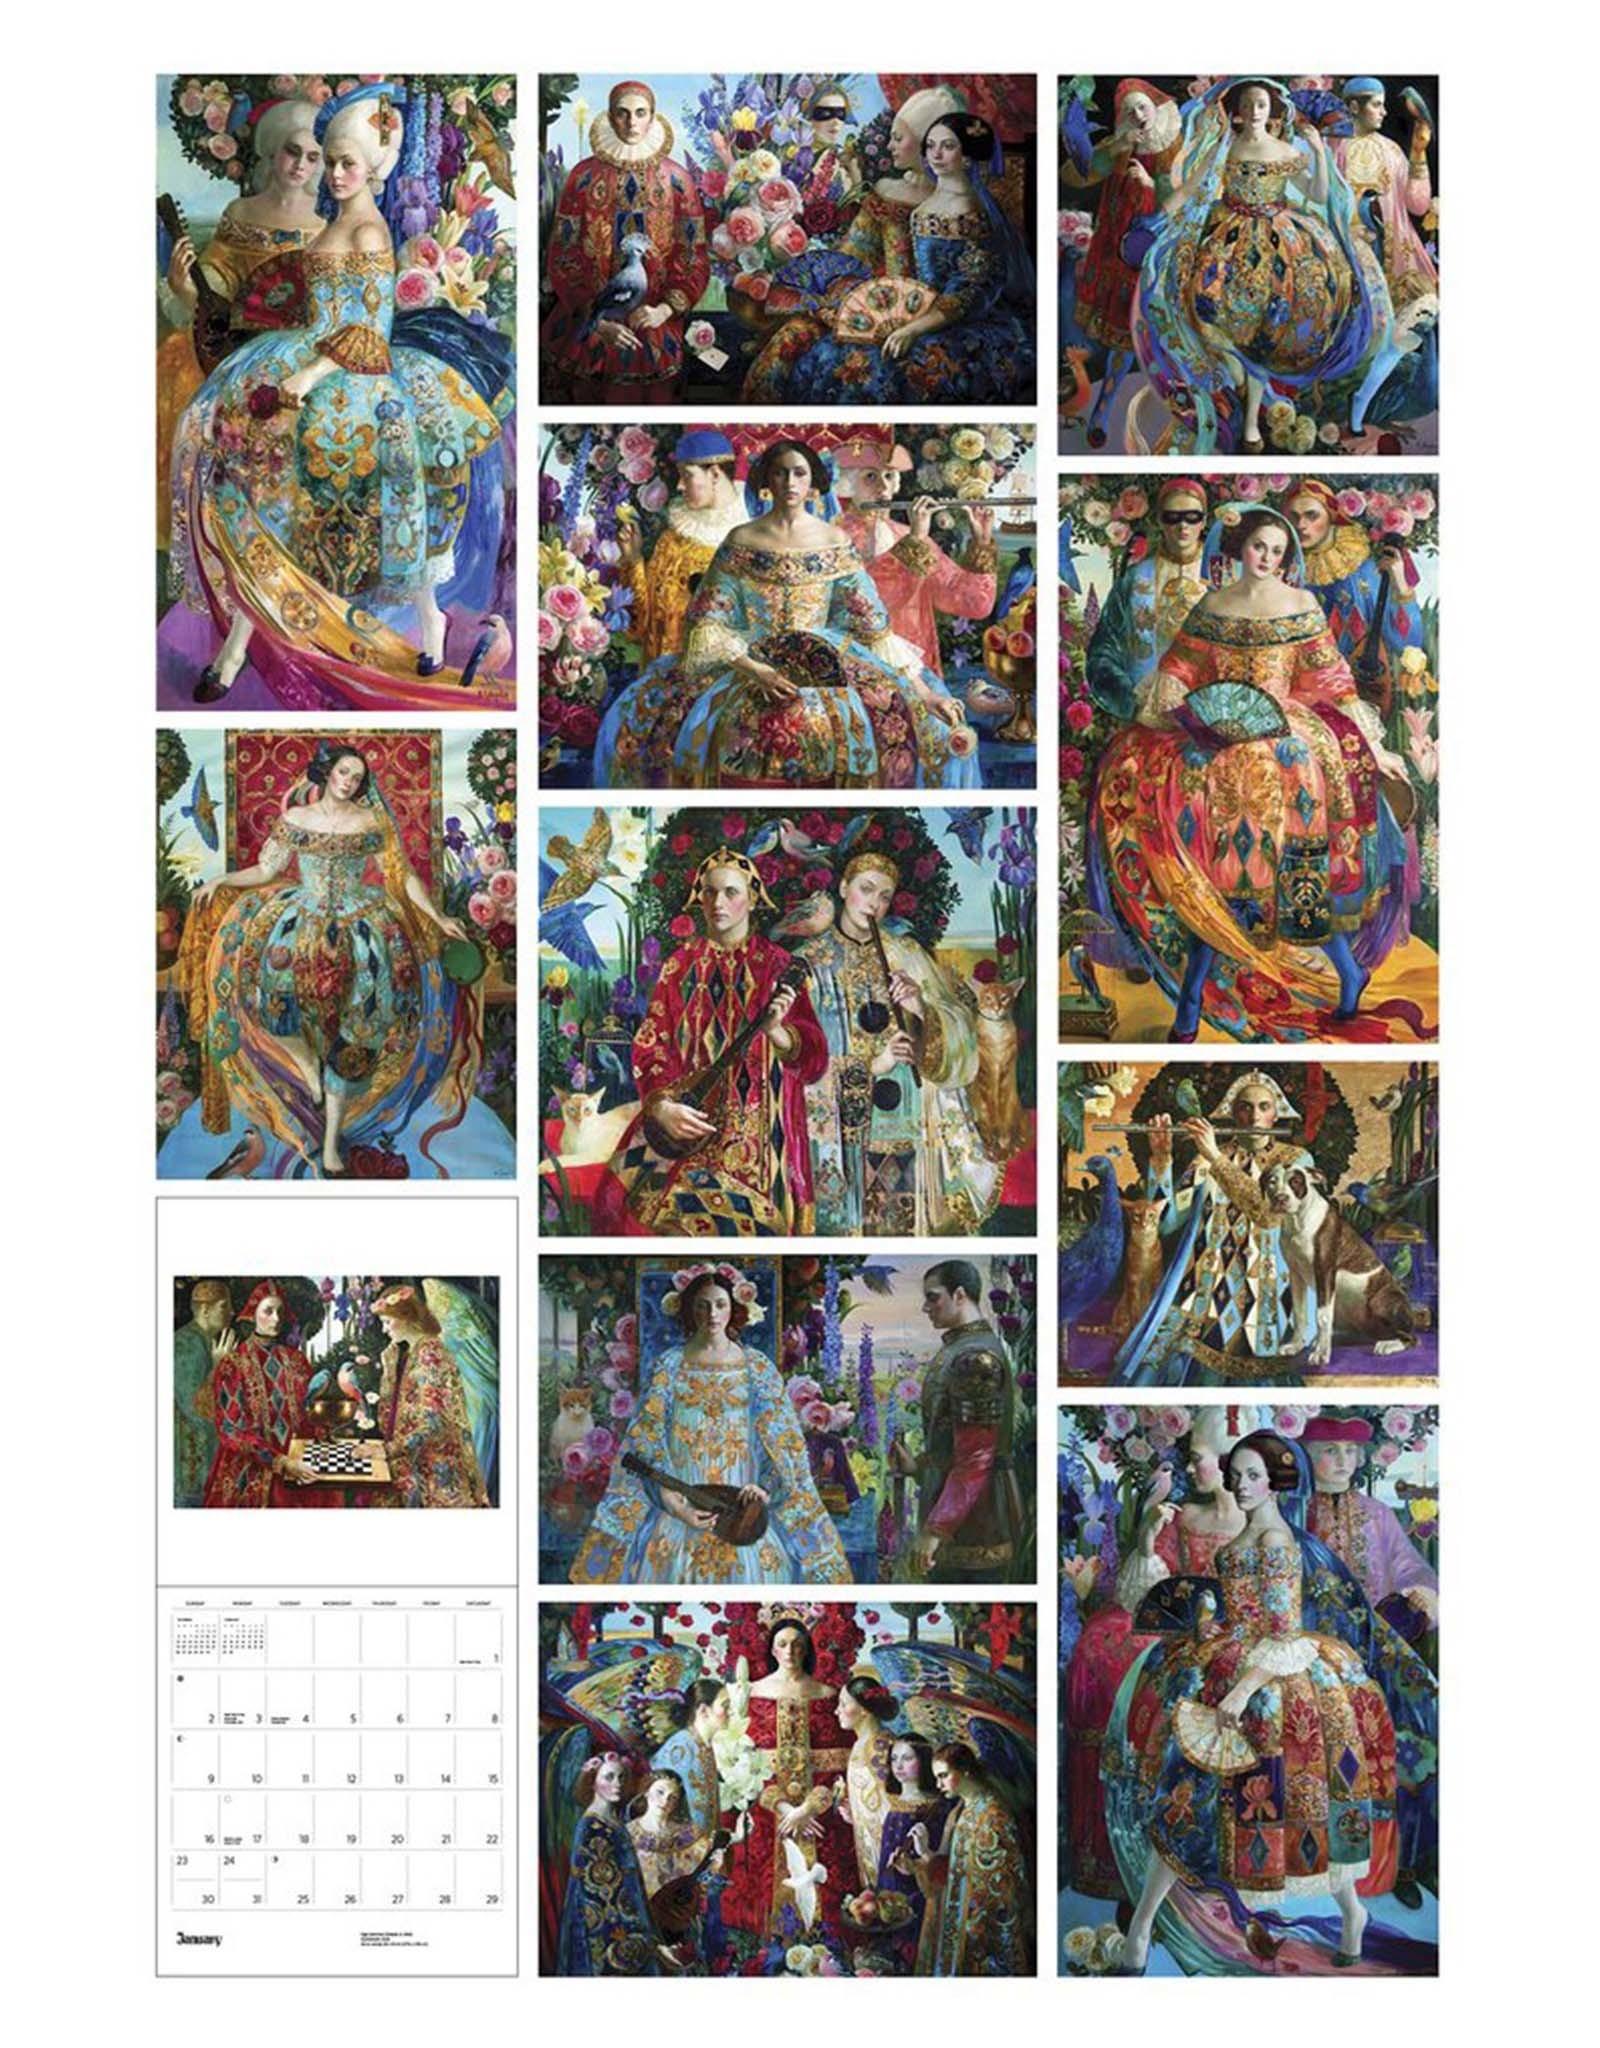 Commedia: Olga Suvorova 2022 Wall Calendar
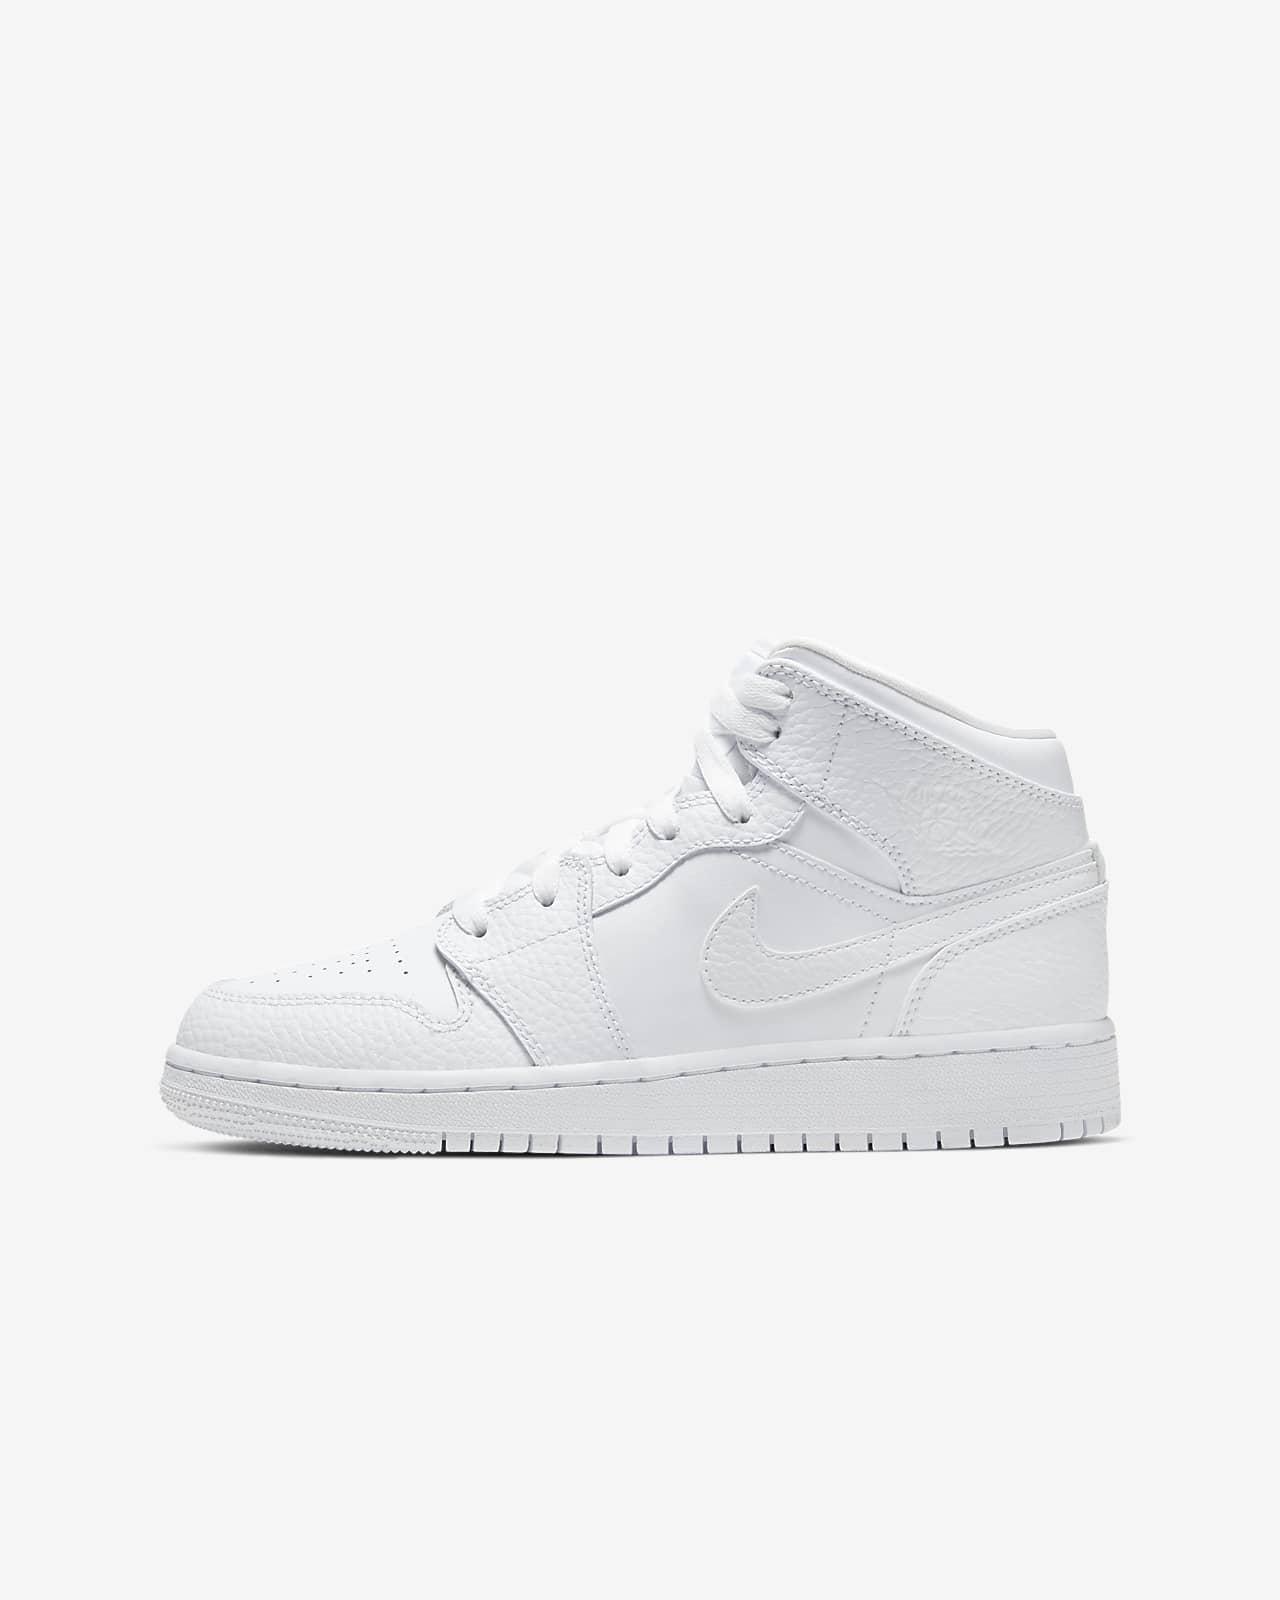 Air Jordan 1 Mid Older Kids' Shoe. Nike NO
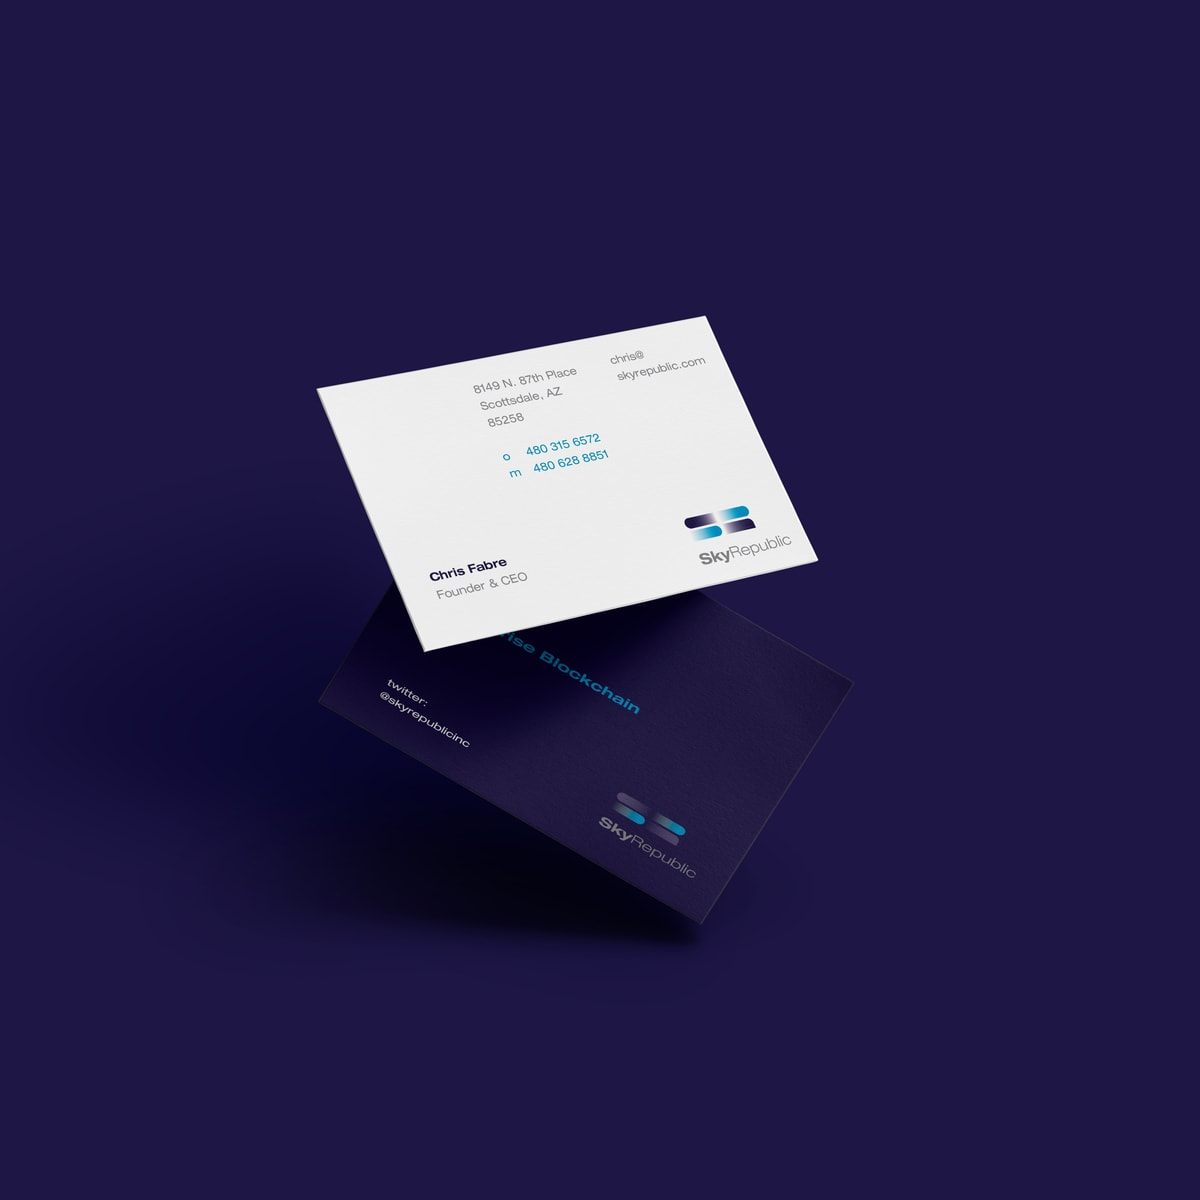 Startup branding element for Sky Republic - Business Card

- _What is required_:
Restate the material above word for word; pictures do not belong in the copy.

- _Answer section_:
 Commedia: Olga Suvorova 2022 Wall Calendar
 Air Jordan 1 Mid Older Kids' Shoe. Nike NO
 Startup branding element for Sky Republic - Business Card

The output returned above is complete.